This plant has been documented to sicken or injure horses.

Children & Pets

This plant may pose a particular risk to unsupervised children and animals due to its toxicity or potential for injury.

Agricultural Threat

This plant threatens our state’s food security and economy by reducing agriculture yields and/or degrading soil resources.

QUICK FACTS

  • Yellow starthistle can grow up to 5 feet tall and has long, sharp spikes around its yellow flowers. As it matures, it loses nutritional value to livestock, and the spikes deter livestock from grazing in contaminated fields.
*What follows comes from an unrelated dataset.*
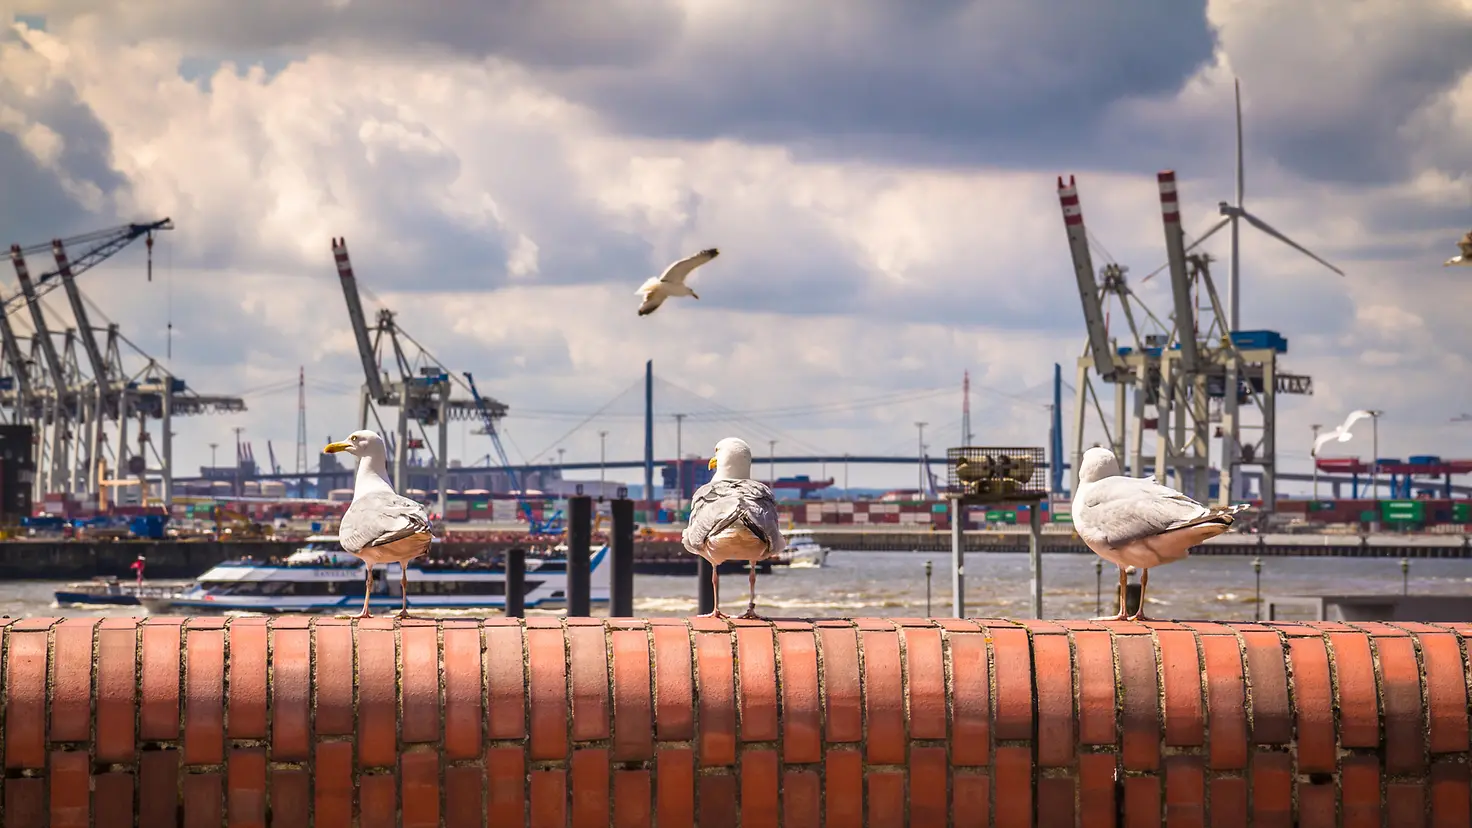 Möwen sitzen auf einer Mauer, im Hintergrund ist der Hamburger Hafen zu sehen.

Spikes can also cause puncture wounds to those who come in contact with them.
  • Originating from the Mediterranean region, yellow starthistle spread through contaminated alfalfa seeds, traveling from South America to California and later spreading to the majority of the U.S. It is now considered invasive in most Western states.
  • Yellow starthistle is toxic to horses, causing a nervous disorder called “chewing disease”. It often outcompetes native plants by forming dense, allelopathic monocultures, which can have a severely negative impact on ecosystems.

1. Overview

family
Asteraceae daisies & sunflowers
origin
Mediterranean
life cycle
Annual or biennial
other names
Yellow star-thistle, St. Barnaby’s thistle

An invader throughout the entire United States.

Yellow starthistle has become invasive throughout most of the U.S., but has become a severe problem in western states. It is often spread through contaminated seeds, but with its allelopathic tendencies, long germination cycle, and density, yellow starthistle can easily outcompete most native plants. Its sharp spikes and toxicity to horses limit grazing in contaminated fields. Yellow starthistle mainly grows in disturbed areas, but its long germination period gives this thistle more opportunities to outcompete other plants.
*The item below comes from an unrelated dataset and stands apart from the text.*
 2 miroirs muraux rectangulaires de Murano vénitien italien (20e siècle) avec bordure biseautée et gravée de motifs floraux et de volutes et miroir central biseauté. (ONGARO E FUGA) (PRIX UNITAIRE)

History of Yellow Starthistle

Yellow starthistle is native to the Mediterranean region and was likely introduced to the U.S. through contaminated alfalfa seeds in the early 1800s, but it was introduced several times during this time period. It has since become widespread throughout the U.S.; however, it is most common in western states. [1,2,4]

Evidence of its initial spread was found in California, where adobe bricks dated from 1824 to 1848 contained thistle seeds. It continued to spread through contaminated alfalfa seeds to fields and other disturbed areas. It is most commonly found in California, but can be found in forty-one states, including New Mexico. [2,3,4,5]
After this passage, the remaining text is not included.